---------- RECORDS SUPPLIED

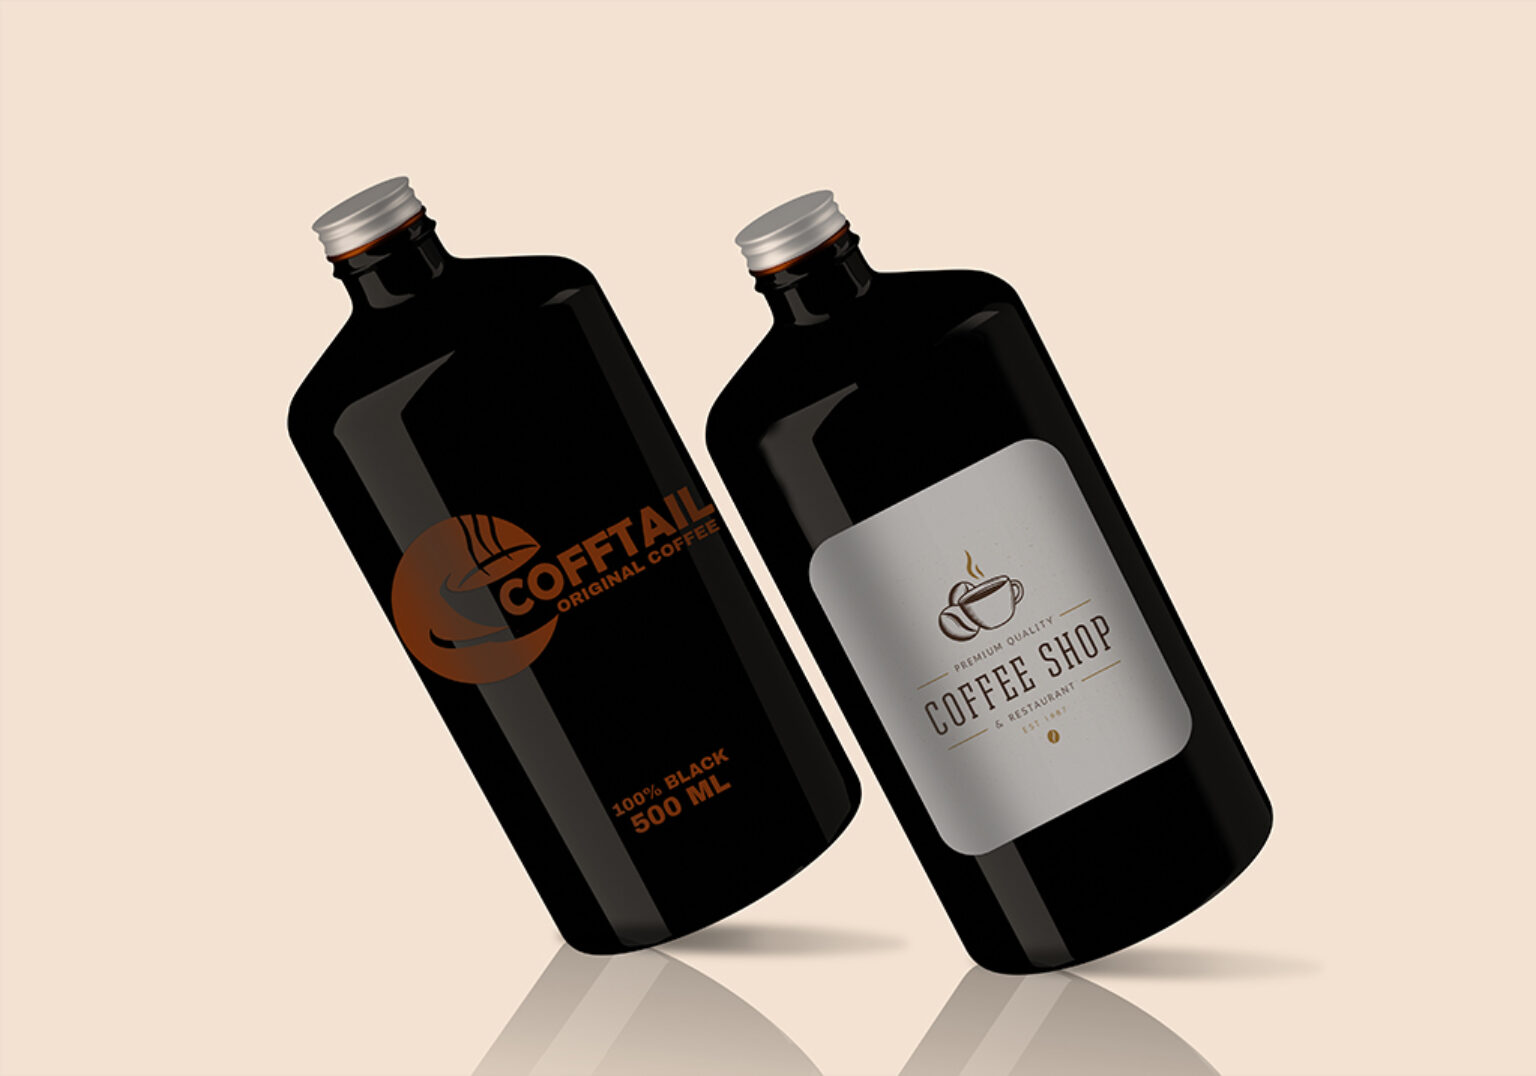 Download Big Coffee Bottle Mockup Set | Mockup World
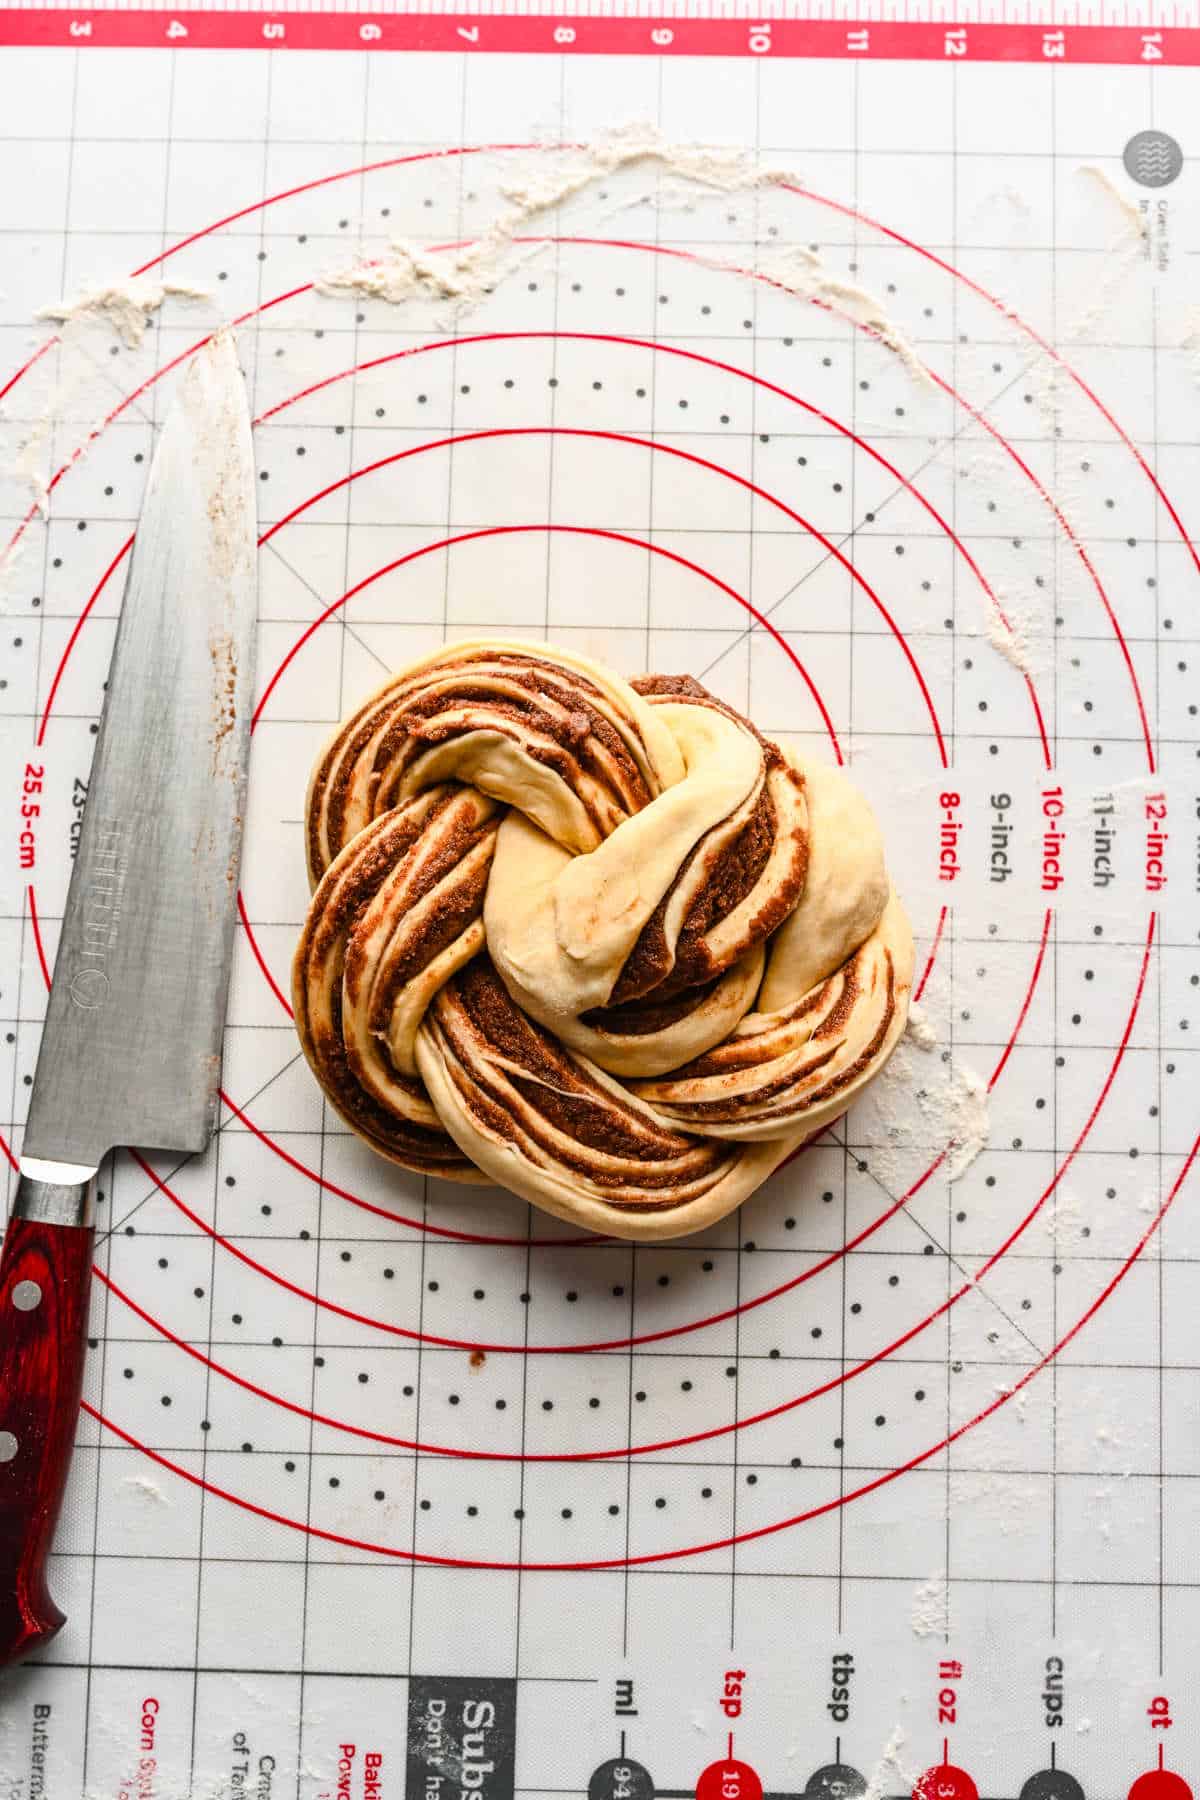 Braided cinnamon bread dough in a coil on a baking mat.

--------------------
---------- RECORDS SUPPLIED

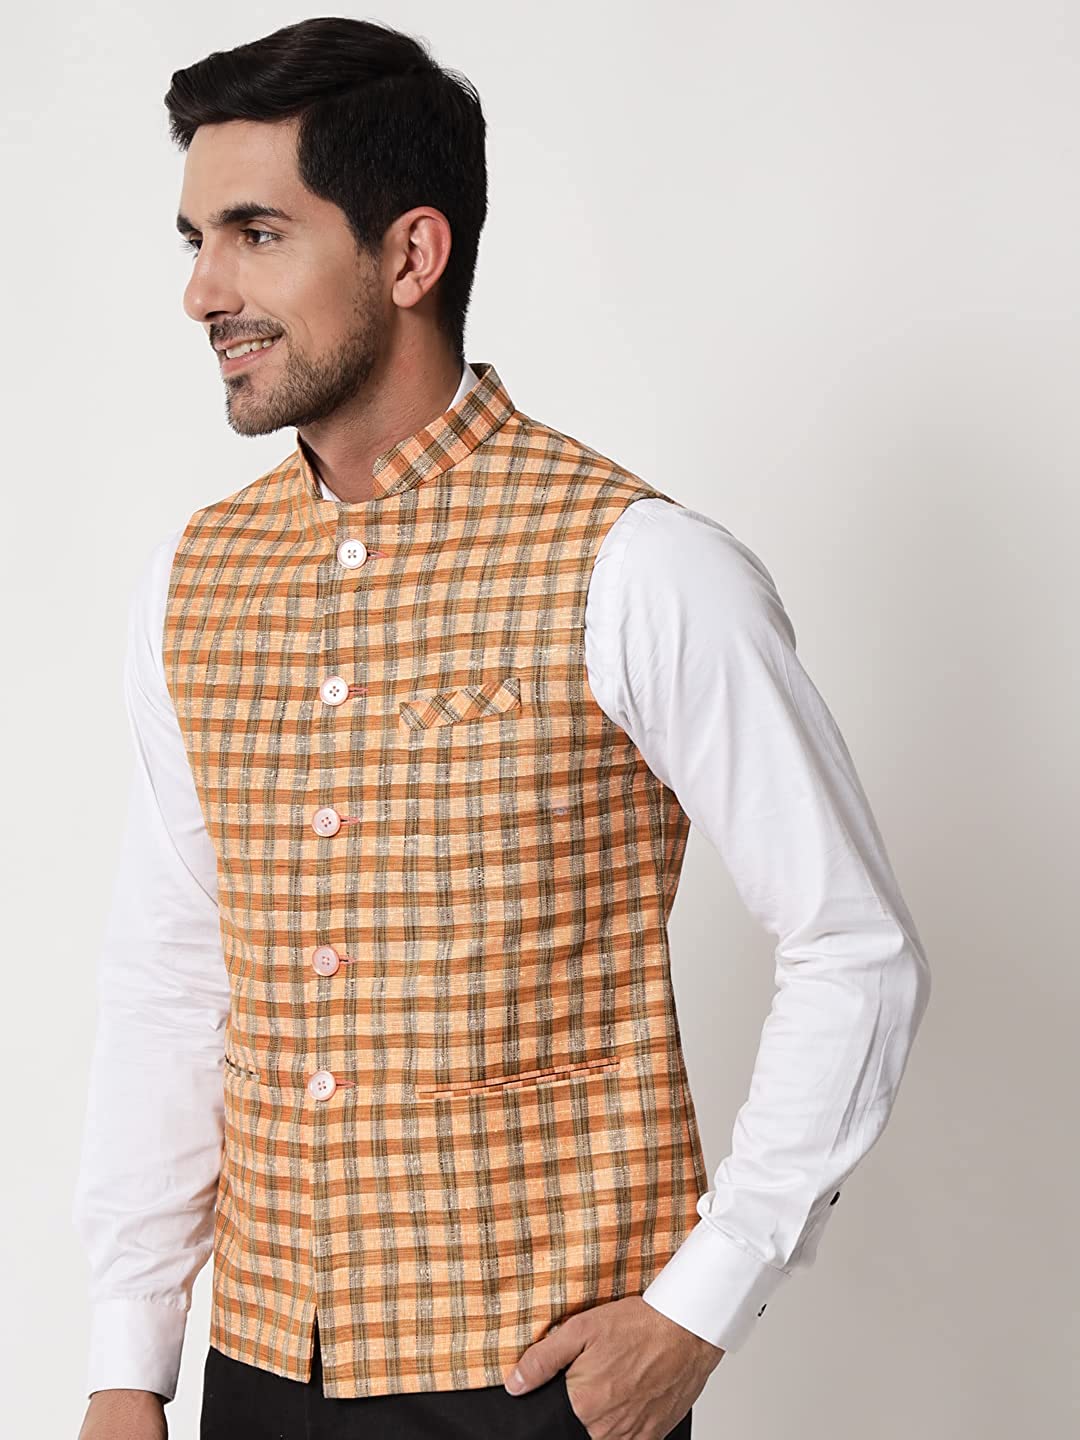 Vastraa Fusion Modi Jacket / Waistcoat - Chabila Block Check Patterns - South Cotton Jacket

--------------------

▶ **TASK TO COMPLETE**
Every line from the one with "Download Big Coffee" through the one with "Braided cinnamon bread" is to be reproduced exactly as written above, and the pictures are to be dropped.

▶ **RESPONSE TO THIS TASK**
 Download Big Coffee Bottle Mockup Set | Mockup World
 Braided cinnamon bread dough in a coil on a baking mat.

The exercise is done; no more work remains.